Pertama, salah seorang penduduk akan menggali tanah, selanjutnya disebut sebagai kolam. Lalu dasar kolam ditata dengan beralaskan daun pisang, bagian atasnya ditata daging, sayuran dan umbi. Kemudian, bagian itu ditutup kembali menggunakan daun pisang.

Selanjutnya, warga mengambil batu yang dibakar hingga berwarna merah. Batu diturunkan di atas daun pisang sampai merata, hingga seluruh makanan yang dibungkus daun pisang itu matang.

Semua batu yang akan digunakan untuk memasak, dibakar dalam sebuah lubang yang dibuat di tanah. Teknis dalam memasak secara barapen biasanya dilihat dari panas yang sudah diterima oleh batu.

Ketika batu dirasa sudah panas, maka tumpukan batu akan dibuka sebagian. Lalu semua sayuran dimasukan ke tengah-tengah celah batu yang tadi dibuka dimana daging ditempatkan di tengah-tengah sayuran sebelum celah batu kembali ditutup.

Meski tidak umum, makanan yang dimasak dengan cara barapen tetap terasa lezat. Menariknya, lemak daging yang dibakar bersama makanan lain itu pun hilang. Karena, lemaknya terserap ke dalam sayuran.

Tradisi Barapen adalah tradisi yang mengajarkan bagaimana cara menciptakan dan menguatkan kebersamaan antar sesama manusia di suatu daerah atau suku. Dalam pelaksanaan barapen, seluruh warga yang terlibat melaksanakan seluruh persiapan, proses, hingga upacara makan secara bersama.

Barapen merupakan tradisi tertua yang ada di Papua. Niat dalam pelaksanaannya yakni mengungkap rasa syukur serta persaudaraan.

Barapen biasanya juga dilakukan dalam rangka merayakan sanak saudara yang kembali pulang setelah lama merantau dan sebagai tradisi saat diadakannya upacara kematian. Inilah yang melatarbelakangi, makanan yang disantap dalam barapen biasanya berjumlah besar.

Kaum Pembuat Sagu

Di Papua Barat, ada Distrik Werur yang menjadi tempat pembuatan sagu tradisional. Lokasinya dari Distrik Bikar dapat ditempuh dalam waktu 30 menit berjalan kaki. Area yang ditempuh ini sungguh menarik, siapa saja yang mau ke sana harus melewati permukaan tanah basah, rawa-rawa, dan sungai kecil.

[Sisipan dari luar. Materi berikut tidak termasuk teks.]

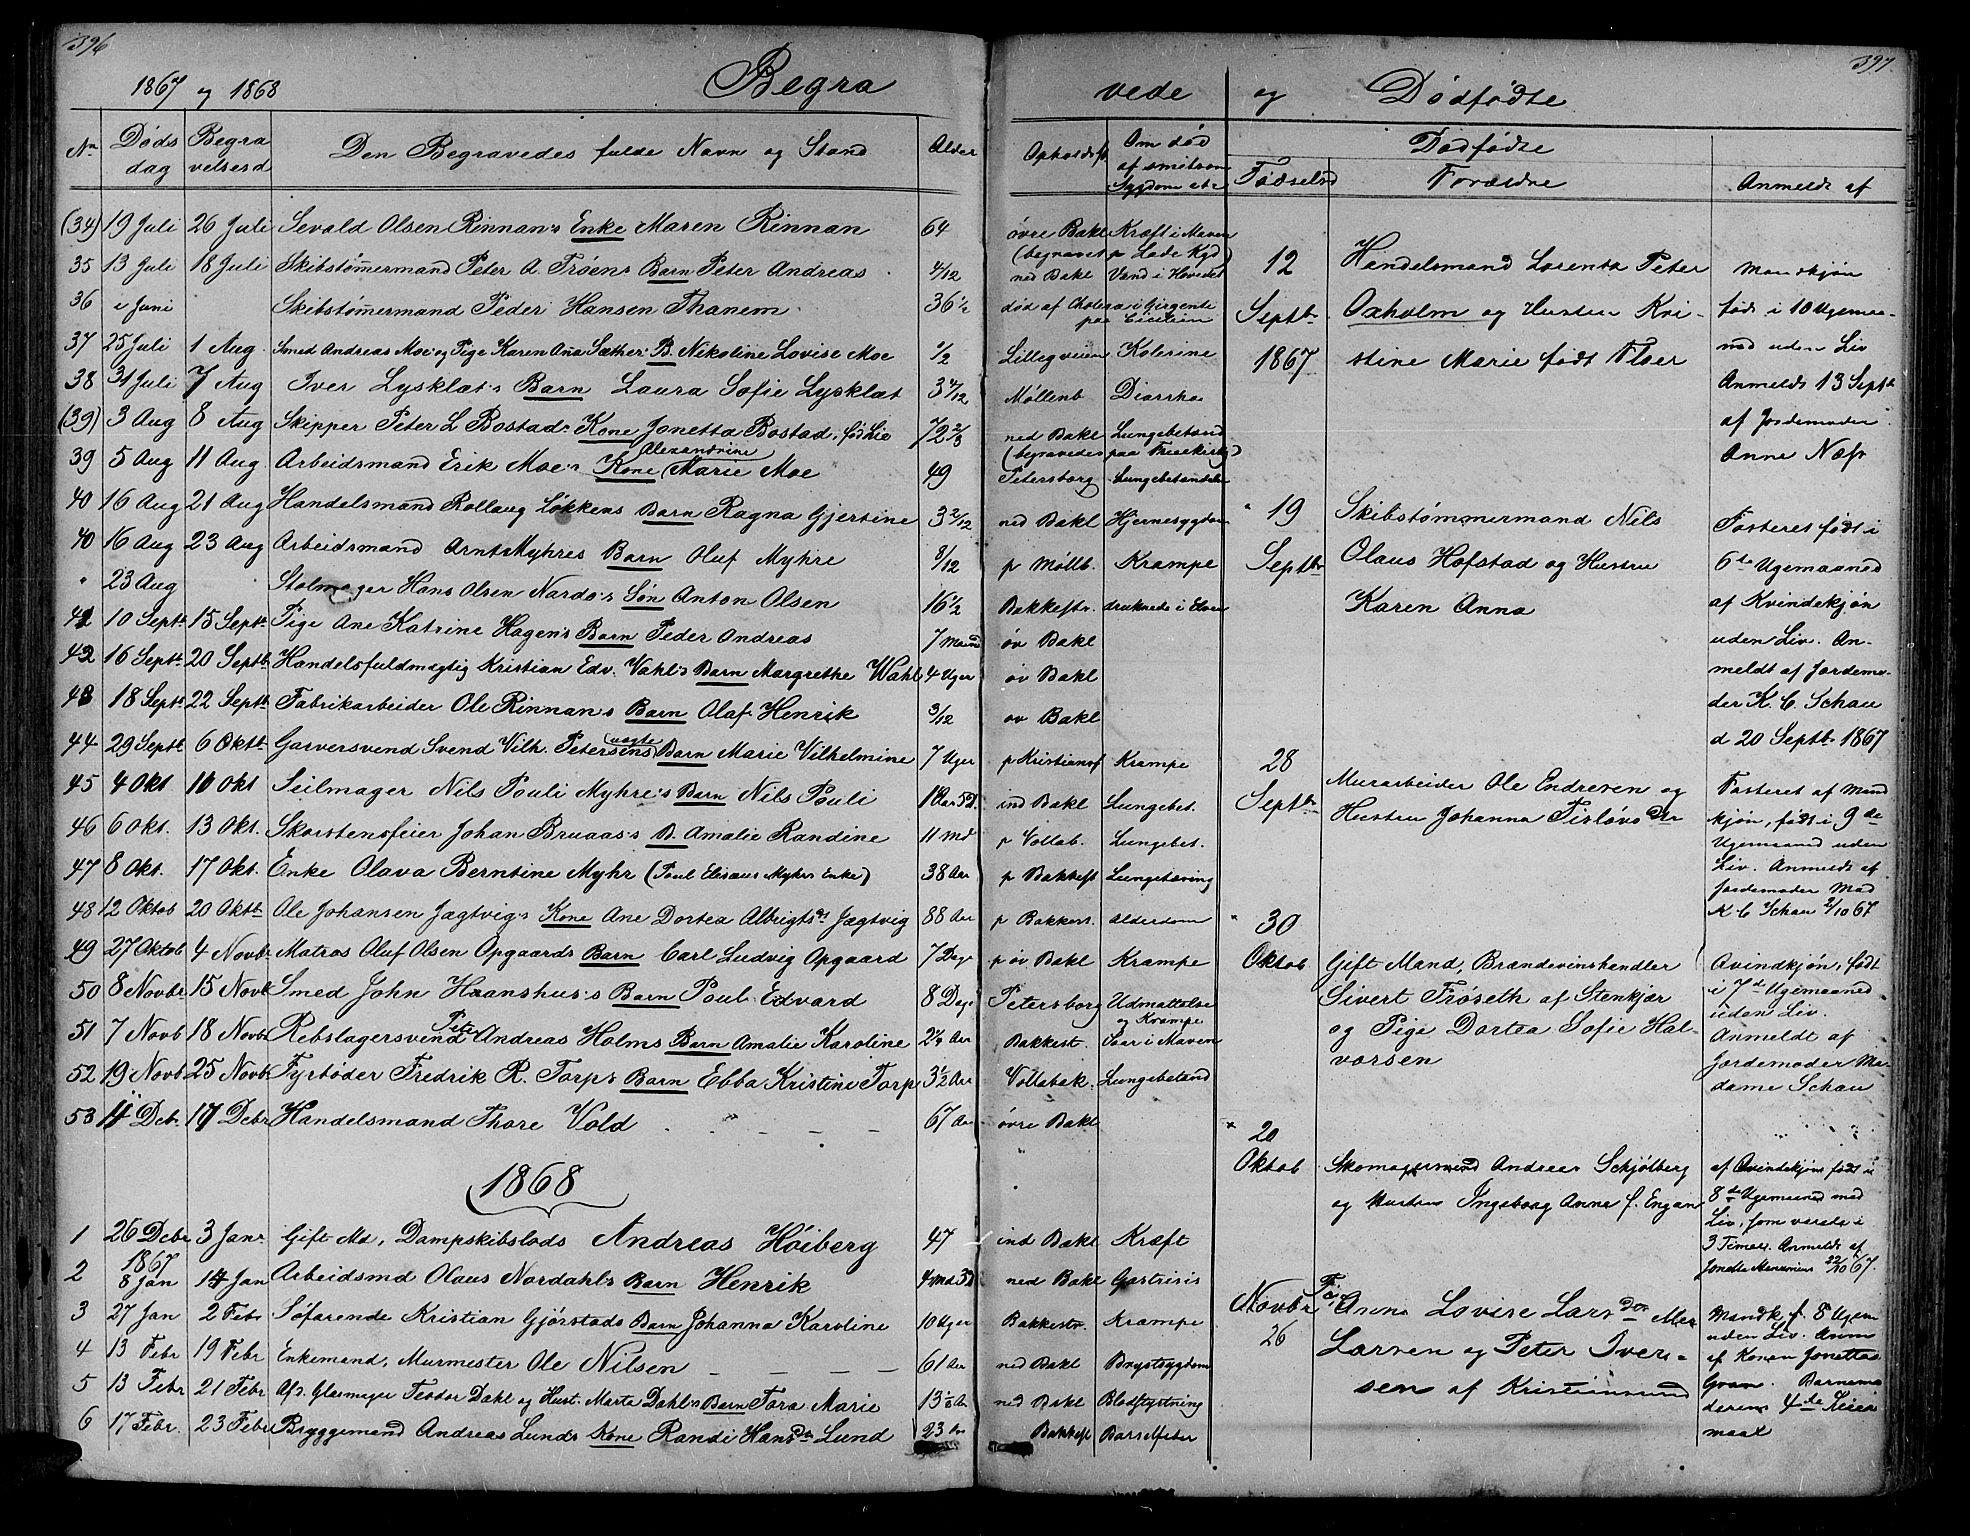 SAT, Ministerialprotokoller, klokkerbøker og fødselsregistre - Sør-Trøndelag, 604/L0219: Klokkerbok nr. 604C02, 1851-1869, s. 396-397

Di tempat itu, terlihat aktivitas warga yang sedang mengolah sagu dari bahan baku pembuatan sagu yakni pohon rumbia. Pertama, batang pohon rumbia dikuliti, bagian dalamnya ditempa menggunakan kapak kayu hingga hancur dan membentuk serabut. Selanjutnya, serabut rumbia yang diperoleh lantas dicampur dengan air dan diperas layaknya membuat santan.

Setelag itu, akan ada seorang warga yang memeras bubuk bakal sagu tersebut di atas papan. Airnya mengalir melewati pipa kayu, lalu ditampung dalam wadah dan didiamkan beberapa hari. Nantinya, air tersebut akan menjadi sagu.

Untuk sagu yang sudah matang, sajian berupa bubuk sagu yang dimasukkan ke bilah-bilah bambu. Sagu itu dibalut dalam sayuran yang disebut sayur gedi yang rasanya seperti daun pepaya. Gedi dimasak dengan sagu tanpa bumbu apapun. Rasanya tawar, tapi tetap terasa segar.

Umumnya gedi dan sagu disantap bersama singkong atau kasbi dan ayam hutan yang direbus dalam bilah kayu.

Menyantap sagu di alam Papua Barat membuat siapa saja terhanyut. Sagu dan alam Papua Barat terasa menyatu, membuat orang yang merasakan pengalaman ini kembali bersyukur atas perpaduan antara kecantikan alam dan kekayaan kuliner Tambrauw.